Миновала та эпоха, в которую человек мог верить, что главное в его бытии, подлинно человеческое и личное может жить и осуществляться в таком интимном уединении, которое не имеет ничего общего с суровыми человеческими буднями, с человеческим обществом, его конкретной интеркоммуникацией, с широкой социализацией. Правда, еще существует иллюзия, будто люди могут создать для себя разумное общественное устройство, и на этом устройстве может основываться все прочее их мировоззрение. Но со временем будет становиться все яснее, что даже самое про-фанное, поддерживаемое властными средствами общество не может обойтись без «идеологического», мировоззренческого основания, и что оно обязательно создаст и будет отстаивать такое основание.
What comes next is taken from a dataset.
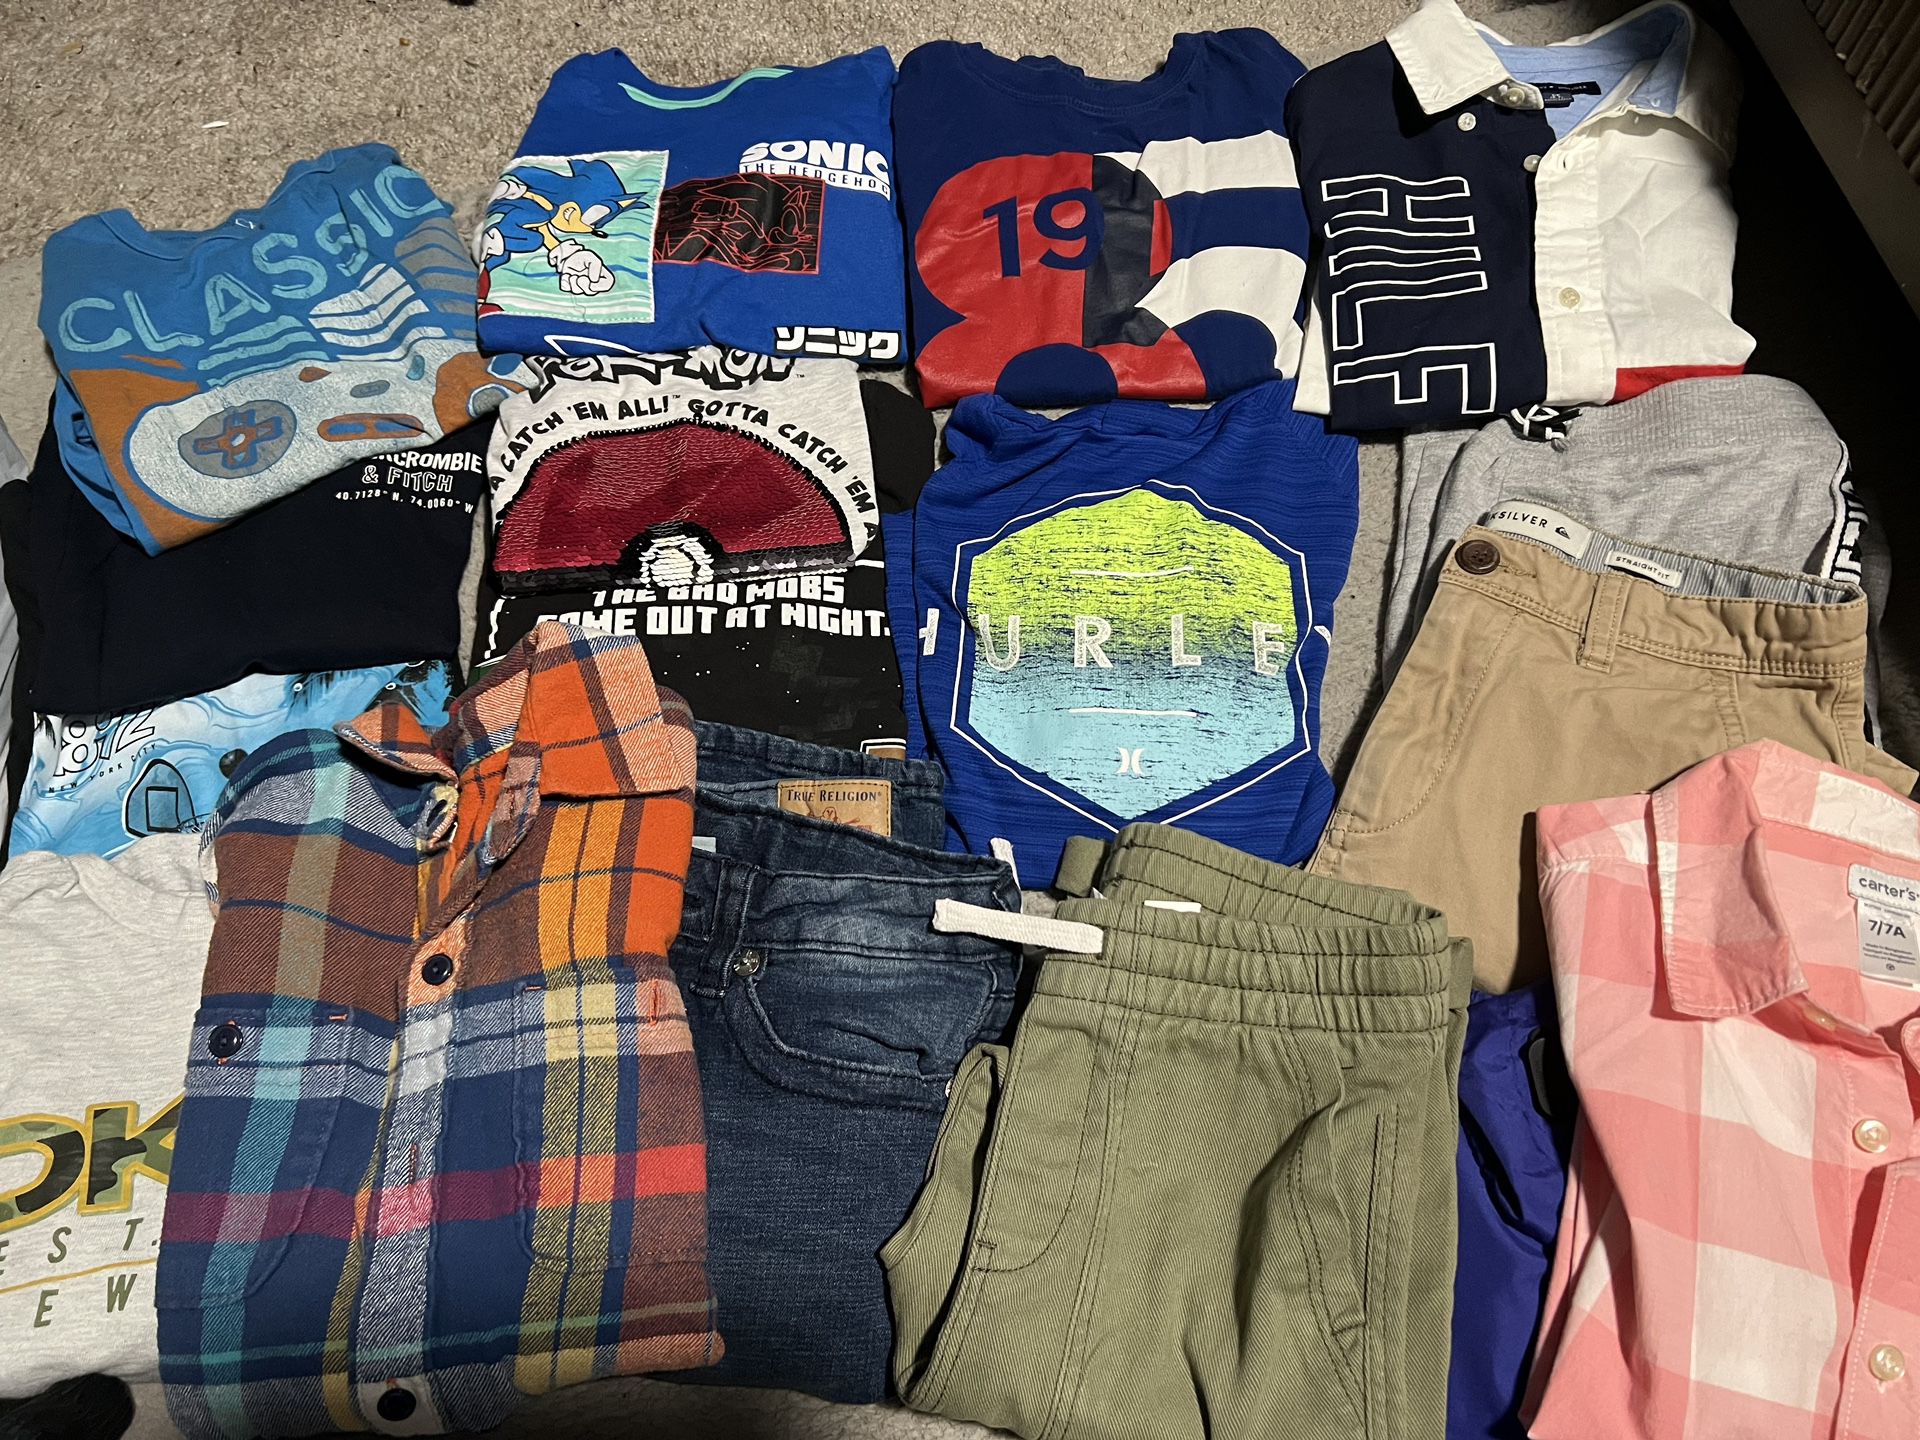 Boys Clothing Bundle 6-8 Years old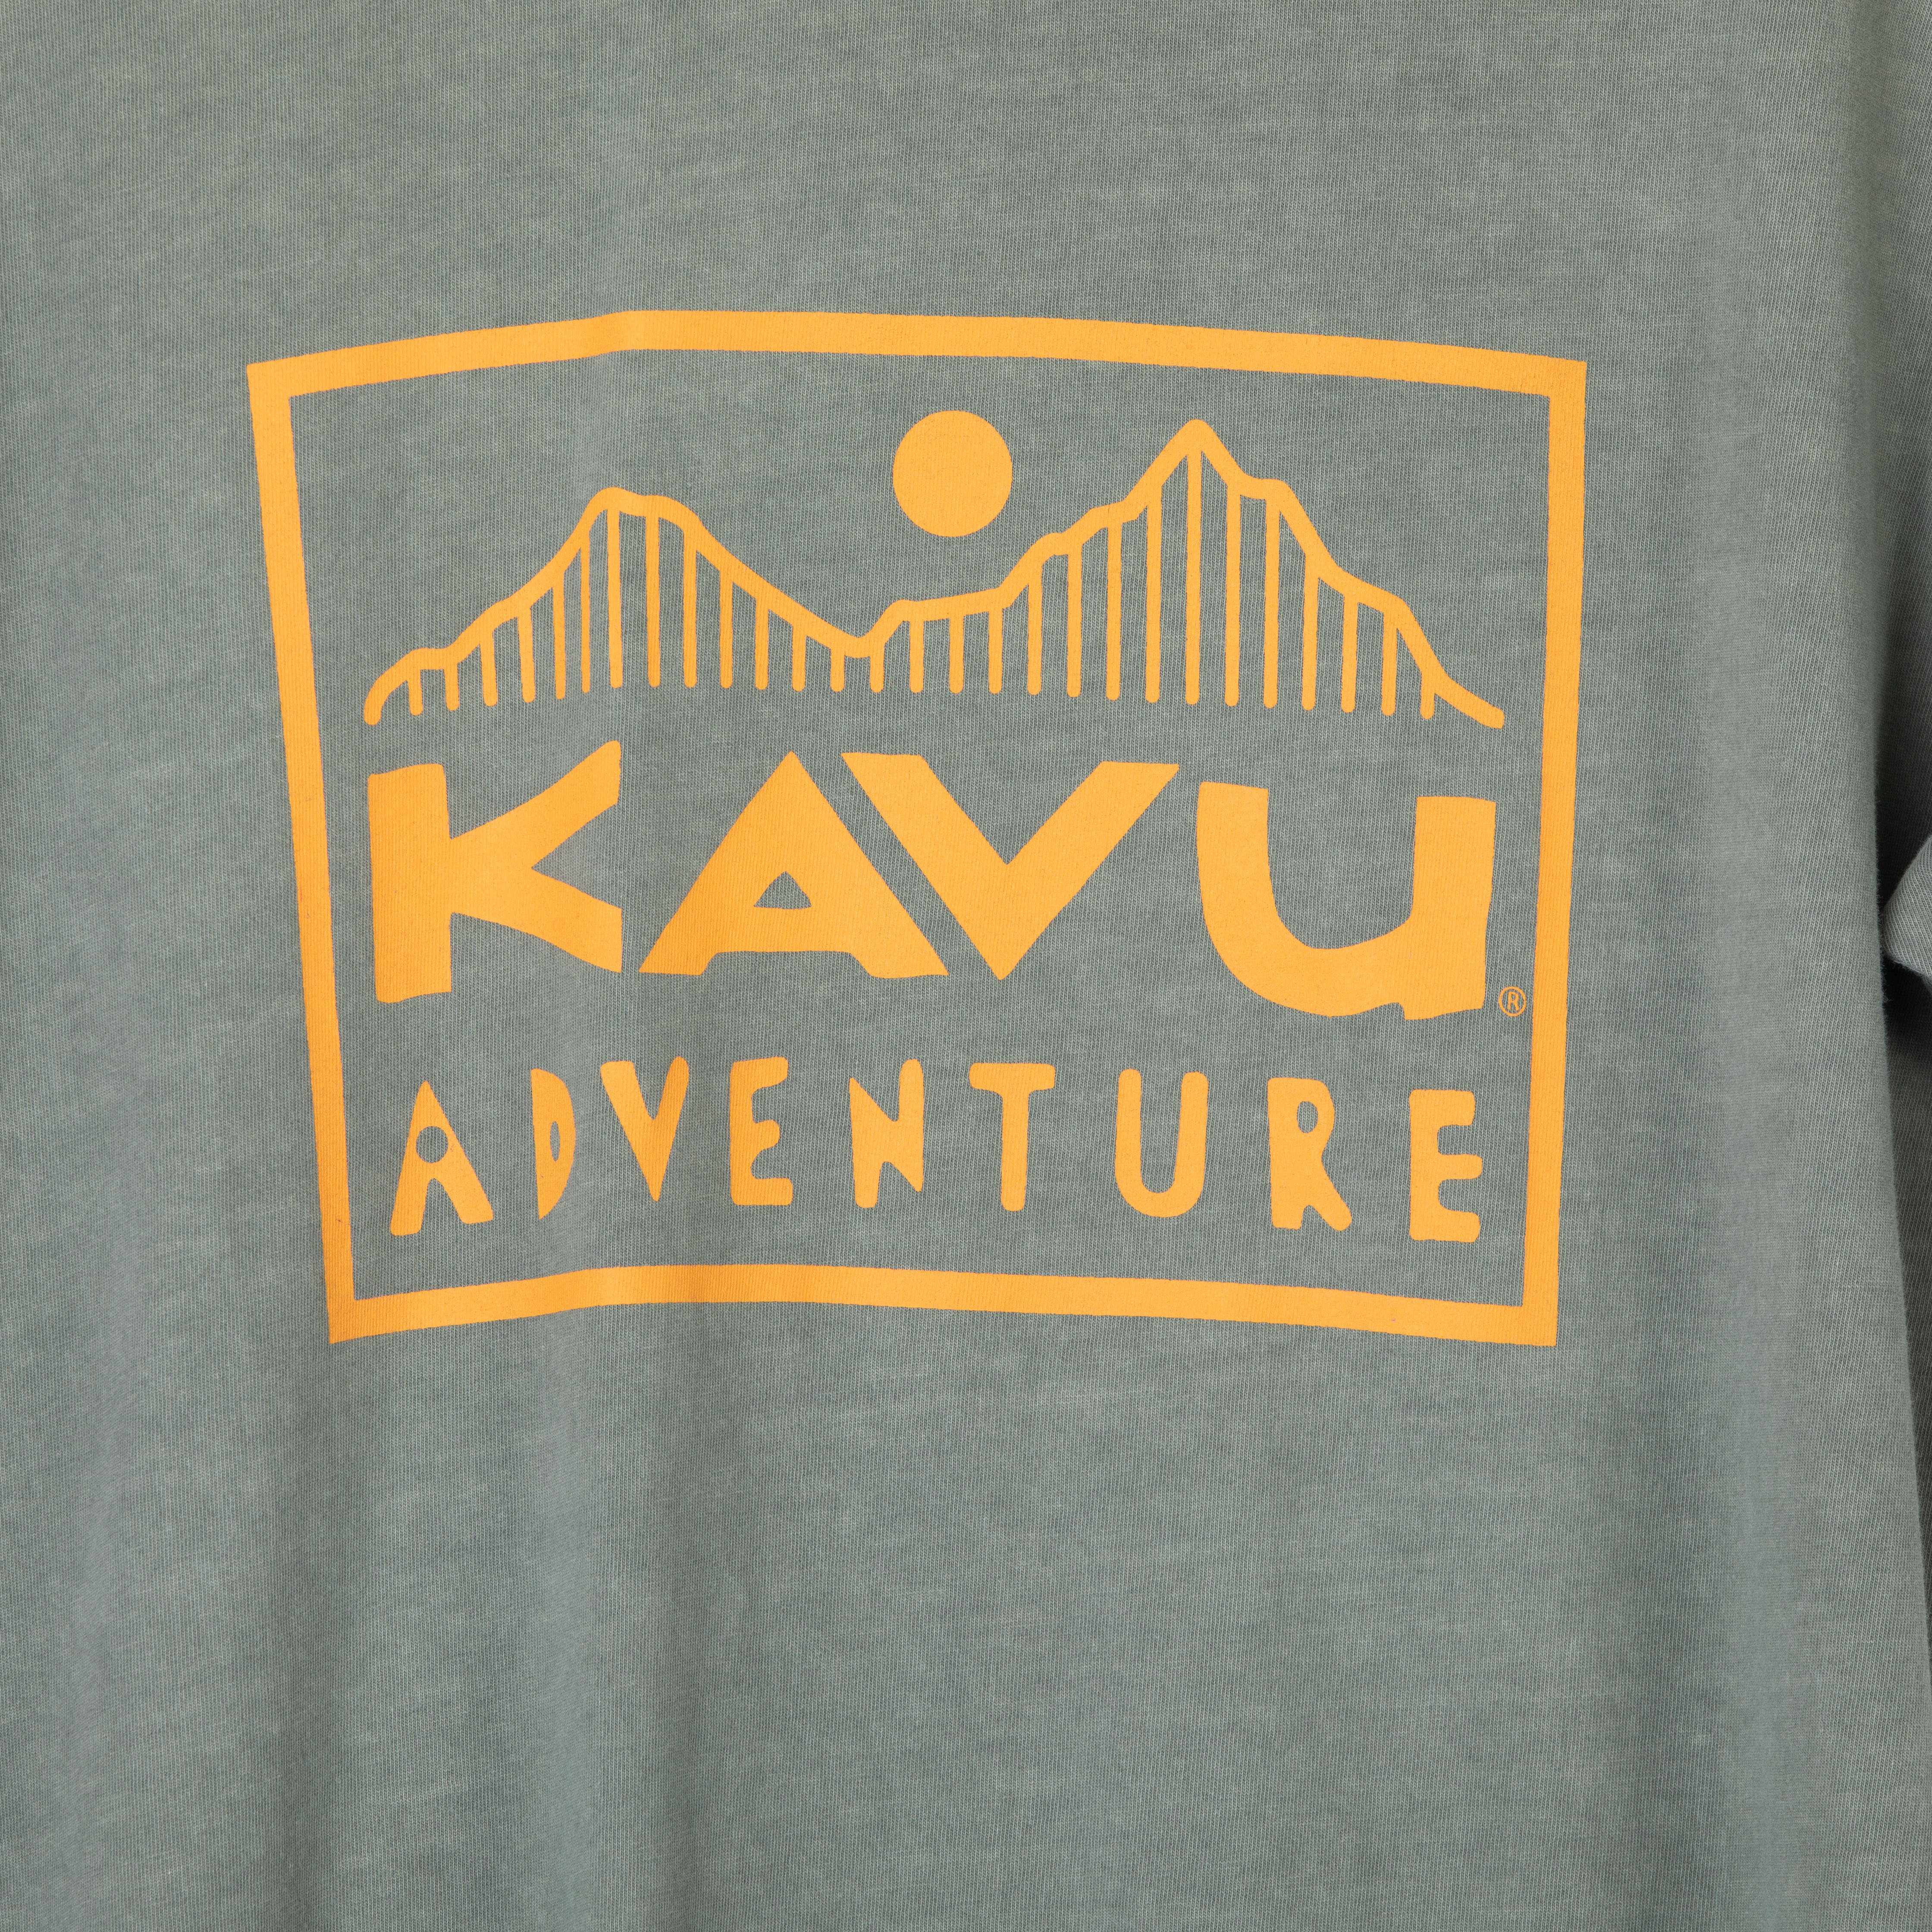 Kavu M's Set Off T-Shirt, spruce

Это не означает, что идеология будущего, высокоорганизованного общества будет либо идентична христианству, либо необходимо окажется антихристианской. Но развитие, в русле которого мы движемся, показывает ведь, что существуют такие тесные связи и взаимоотношения между общественным в человеке и человеческим в человеке, в том числе и его мировоззренческой интерпретацией своего бытия, что две эти величины не могут существовать просто независимо друг от друга в мировоззренчески нейтральном обществе. Таким образом становится ясно, что человек и в своем мировоззрении остается социальным. Поэтому, если христианство утверждает, что человек как христианин в своем последнем отношении к Богу церковен, то это не какое-то давным-давно устаревшее мнение, а нечто такое, что будет совершенно очевидно и для людей грядущих эпох.
4475]_
ОСНОВАНИЕ ВЕРЫ
Такое указание на то, что, в соответствии с сущностью человека как такого сущего, которое осуществляет свою трансцендентальность исторически, и в соответствии с автономным характером обращения вести Христовой к человеку, христианин должен быть церковным христианином, не должно, конечно, затемнять того ясного факта, что свободное приятие церкви и ее авторитета есть также акт свободы и решения, за которое всякий христианин - в том числе и католик - принимает на себя ответственность в уединении своей собственной совести, и в этом пункте истории своей свободы он уже не может опереться на авторитет церкви как таковой. И как раз на этом «одиноком» решении всегда основано фактическое действие авторитета церкви на отдельных христиан. В этом пункте нет никакого существенного различия между католическим христианством и тем евангелическим христианством, которое вообще признает какую-либо авторитетную инстанцию (например, Священное Писание) как приходящую «извне» и потому обязательную.